Het doel hier is om een protocol te schetsen om de mechanismen van dysbiose bij hart- en vaatziekten te onderzoeken. Dit artikel bespreekt hoe aseptisch muizenfecale monsters kunnen worden verzameld en getransplanteerd, darmen kunnen worden geïsoleerd en de “Swiss-roll” -methode kan worden gebruikt, gevolgd door immunostainingtechnieken om veranderingen in het maagdarmkanaal te onderzoeken.

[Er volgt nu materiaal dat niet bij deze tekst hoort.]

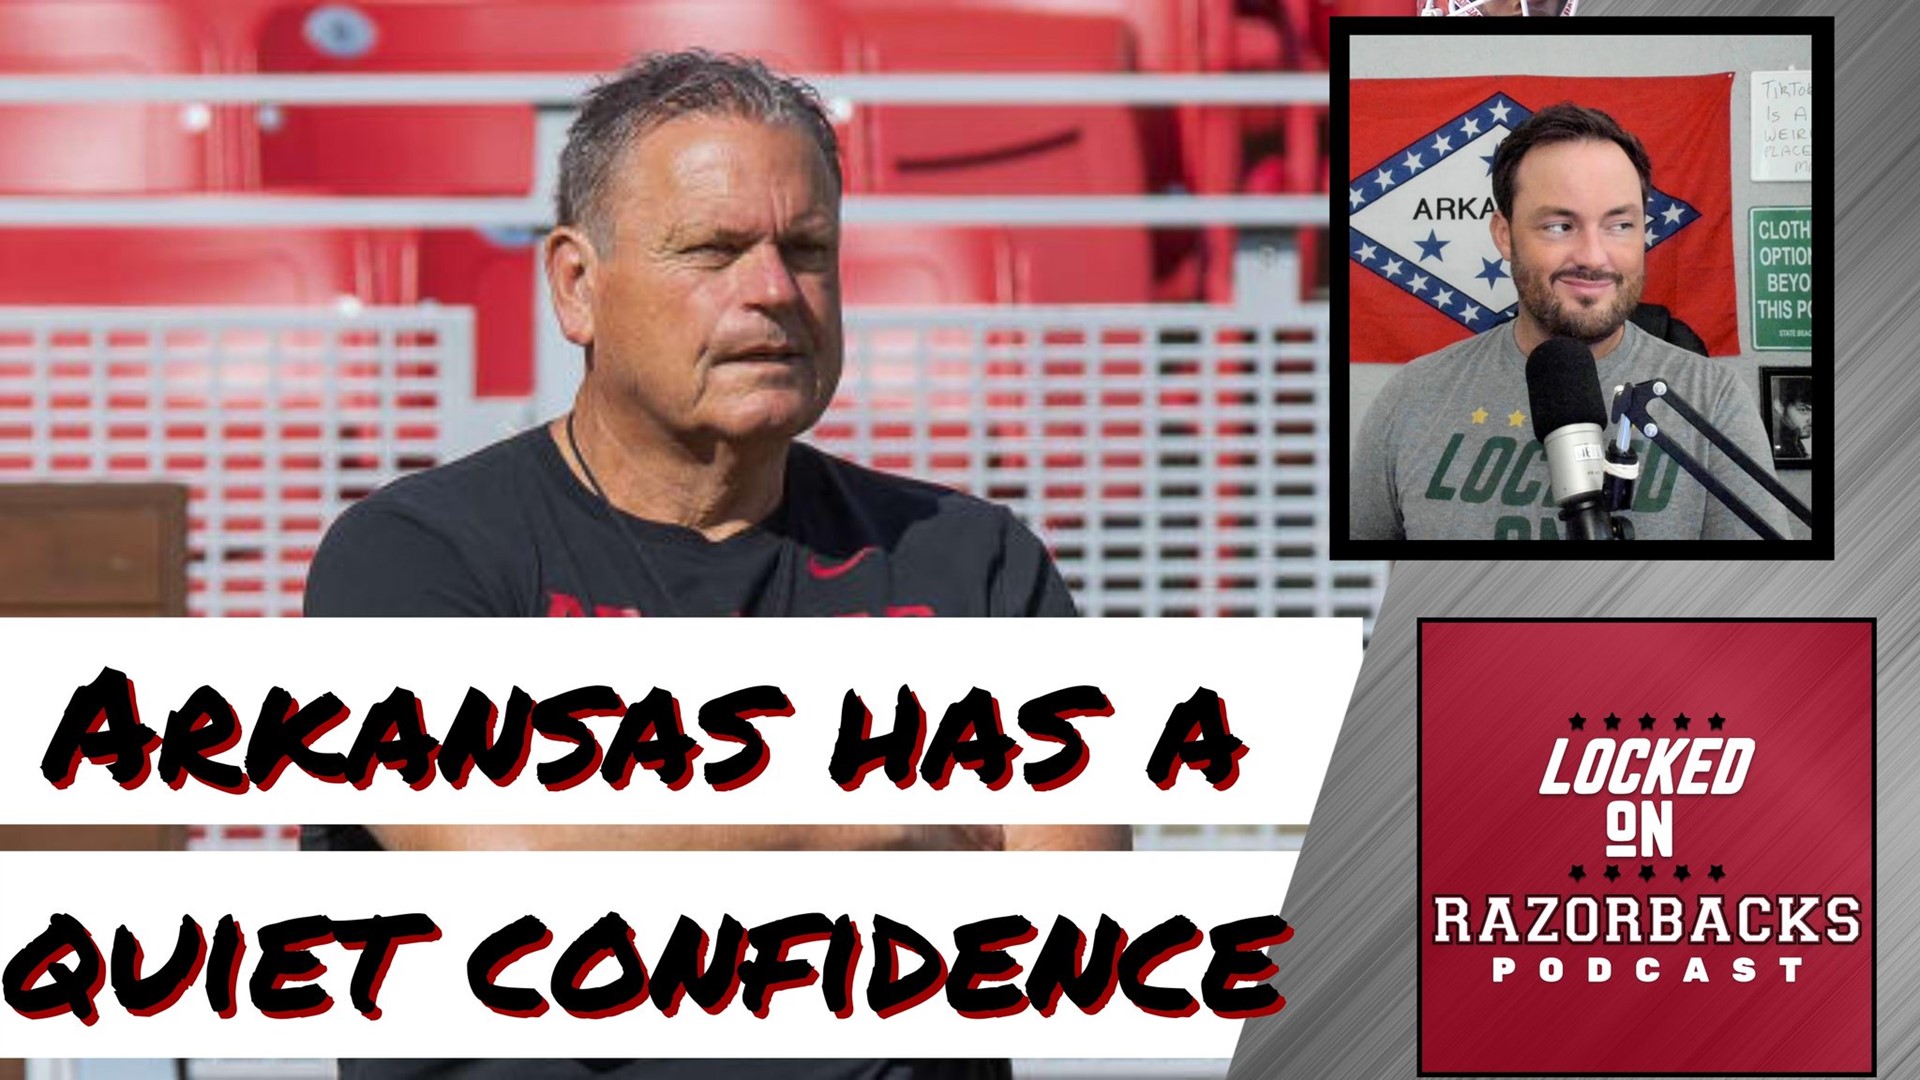 John Nabors discusses the reasons why Arkansas' quiet confidence can be a dangerous one this upcoming football season.

Darmmicrobiota dysbiose speelt een rol in de pathofysiologie van cardiovasculaire en metabole stoornissen, maar de mechanismen zijn niet goed begrepen. Fecale microbiotatransplantatie (FMT) is een waardevolle benadering voor het afbakenen van een directe rol van de totale microbiota of geïsoleerde soorten in de pathofysiologie van ziekten. Het is een veilige behandelingsoptie voor patiënten met een terugkerende Clostridium difficile-infectie . Preklinische studies tonen aan dat het manipuleren van de darmmicrobiota een nuttig hulpmiddel is om het mechanistische verband tussen dysbiose en ziekte te bestuderen. Fecale microbiotatransplantatie kan helpen bij het ophelderen van nieuwe darmmicrobiota-gerichte therapieën voor het beheer en de behandeling van cardiometabole ziekten. Ondanks een hoog slagingspercentage bij knaagdieren, blijven er translationele veranderingen geassocieerd met de transplantatie. Het doel hier is om begeleiding te bieden bij het bestuderen van de effecten van darmmicrobioom bij experimentele hart- en vaatziekten. In deze studie wordt een gedetailleerd protocol beschreven voor het verzamelen, hanteren, verwerken en transplanteren van fecale microbiota in muizenstudies. De verzamel- en verwerkingsstappen worden beschreven voor zowel menselijke als knaagdierdonoren. Ten slotte beschrijven we het gebruik van een combinatie van de Zwitserse rol- en immunostainingtechnieken om darmspecifieke morfologie en integriteitsveranderingen in hart- en vaatziekten en gerelateerde darmmicrobiota-mechanismen te beoordelen.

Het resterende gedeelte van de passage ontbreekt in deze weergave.